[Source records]
--

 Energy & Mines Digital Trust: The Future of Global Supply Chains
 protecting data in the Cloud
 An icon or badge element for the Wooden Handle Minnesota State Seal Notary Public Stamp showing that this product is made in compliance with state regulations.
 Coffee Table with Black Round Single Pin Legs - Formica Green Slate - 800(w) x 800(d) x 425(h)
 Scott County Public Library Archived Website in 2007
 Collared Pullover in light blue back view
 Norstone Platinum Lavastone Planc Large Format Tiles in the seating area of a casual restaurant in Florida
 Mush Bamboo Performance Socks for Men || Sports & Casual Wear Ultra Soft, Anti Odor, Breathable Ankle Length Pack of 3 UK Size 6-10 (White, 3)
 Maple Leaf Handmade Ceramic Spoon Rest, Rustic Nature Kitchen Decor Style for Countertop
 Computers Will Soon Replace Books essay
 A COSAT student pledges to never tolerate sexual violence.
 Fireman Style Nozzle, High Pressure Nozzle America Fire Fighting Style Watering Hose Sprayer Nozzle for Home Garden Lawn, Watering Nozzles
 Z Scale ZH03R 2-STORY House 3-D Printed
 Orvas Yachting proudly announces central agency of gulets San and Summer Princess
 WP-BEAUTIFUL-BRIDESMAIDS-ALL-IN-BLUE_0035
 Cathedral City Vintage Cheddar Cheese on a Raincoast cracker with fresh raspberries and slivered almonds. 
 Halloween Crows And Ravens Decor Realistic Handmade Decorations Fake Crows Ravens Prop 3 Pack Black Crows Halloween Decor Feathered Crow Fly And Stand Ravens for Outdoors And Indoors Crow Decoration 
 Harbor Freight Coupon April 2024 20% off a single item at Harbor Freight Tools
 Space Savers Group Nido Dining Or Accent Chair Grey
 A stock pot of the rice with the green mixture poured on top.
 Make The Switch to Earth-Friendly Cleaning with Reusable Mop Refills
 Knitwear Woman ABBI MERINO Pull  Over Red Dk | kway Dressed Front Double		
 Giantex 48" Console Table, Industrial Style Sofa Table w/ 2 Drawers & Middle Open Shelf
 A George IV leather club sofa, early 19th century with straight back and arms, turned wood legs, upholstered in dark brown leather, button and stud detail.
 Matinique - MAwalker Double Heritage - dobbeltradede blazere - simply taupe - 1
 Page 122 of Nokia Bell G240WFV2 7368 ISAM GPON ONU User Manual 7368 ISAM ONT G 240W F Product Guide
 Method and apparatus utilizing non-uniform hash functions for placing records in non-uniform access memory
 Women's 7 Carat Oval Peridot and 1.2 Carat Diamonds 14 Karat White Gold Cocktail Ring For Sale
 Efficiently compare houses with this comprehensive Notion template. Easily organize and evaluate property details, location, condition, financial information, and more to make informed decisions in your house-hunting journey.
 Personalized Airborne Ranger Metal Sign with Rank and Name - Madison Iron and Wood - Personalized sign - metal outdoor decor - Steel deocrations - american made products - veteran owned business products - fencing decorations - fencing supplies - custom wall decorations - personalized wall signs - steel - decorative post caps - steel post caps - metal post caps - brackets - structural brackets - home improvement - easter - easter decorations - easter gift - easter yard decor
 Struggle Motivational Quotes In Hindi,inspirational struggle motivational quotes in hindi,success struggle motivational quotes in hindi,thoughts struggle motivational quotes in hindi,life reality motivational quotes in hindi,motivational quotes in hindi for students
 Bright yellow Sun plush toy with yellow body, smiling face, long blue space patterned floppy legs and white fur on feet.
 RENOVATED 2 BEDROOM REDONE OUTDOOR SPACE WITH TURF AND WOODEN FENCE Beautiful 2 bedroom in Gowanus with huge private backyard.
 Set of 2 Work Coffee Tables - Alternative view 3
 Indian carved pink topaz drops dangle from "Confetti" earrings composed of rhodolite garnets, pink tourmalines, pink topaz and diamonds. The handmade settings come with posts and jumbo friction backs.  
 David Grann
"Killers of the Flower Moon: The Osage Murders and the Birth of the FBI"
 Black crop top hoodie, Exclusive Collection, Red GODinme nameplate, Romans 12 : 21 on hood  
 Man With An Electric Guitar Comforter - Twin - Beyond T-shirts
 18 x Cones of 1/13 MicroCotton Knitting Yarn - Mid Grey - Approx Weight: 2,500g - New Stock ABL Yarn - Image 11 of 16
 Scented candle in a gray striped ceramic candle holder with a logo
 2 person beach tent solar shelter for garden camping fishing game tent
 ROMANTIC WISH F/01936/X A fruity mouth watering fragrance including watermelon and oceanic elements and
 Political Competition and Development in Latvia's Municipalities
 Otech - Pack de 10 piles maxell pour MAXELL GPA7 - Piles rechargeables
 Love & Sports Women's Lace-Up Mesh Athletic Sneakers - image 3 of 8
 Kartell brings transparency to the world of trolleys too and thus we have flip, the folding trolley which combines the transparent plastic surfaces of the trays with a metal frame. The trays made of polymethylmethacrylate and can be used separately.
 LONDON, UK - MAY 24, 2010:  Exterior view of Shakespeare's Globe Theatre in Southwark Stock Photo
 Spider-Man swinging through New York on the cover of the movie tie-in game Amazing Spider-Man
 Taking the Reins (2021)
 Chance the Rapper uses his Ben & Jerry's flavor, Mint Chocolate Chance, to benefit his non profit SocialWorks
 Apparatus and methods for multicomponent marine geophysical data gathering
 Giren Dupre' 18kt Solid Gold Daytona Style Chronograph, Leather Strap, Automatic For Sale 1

--

*WORK TO BE COMPLETED*. Starting at the line above that contains "Computers Will Soon Replace Books essay", write out each line exactly until the line that contains "Cathedral City Vintage" has been written, and stop there.

*TASK SOLUTION*.
 Computers Will Soon Replace Books essay
 A COSAT student pledges to never tolerate sexual violence.
 Fireman Style Nozzle, High Pressure Nozzle America Fire Fighting Style Watering Hose Sprayer Nozzle for Home Garden Lawn, Watering Nozzles
 Z Scale ZH03R 2-STORY House 3-D Printed
 Orvas Yachting proudly announces central agency of gulets San and Summer Princess
 WP-BEAUTIFUL-BRIDESMAIDS-ALL-IN-BLUE_0035
 Cathedral City Vintage Cheddar Cheese on a Raincoast cracker with fresh raspberries and slivered almonds. 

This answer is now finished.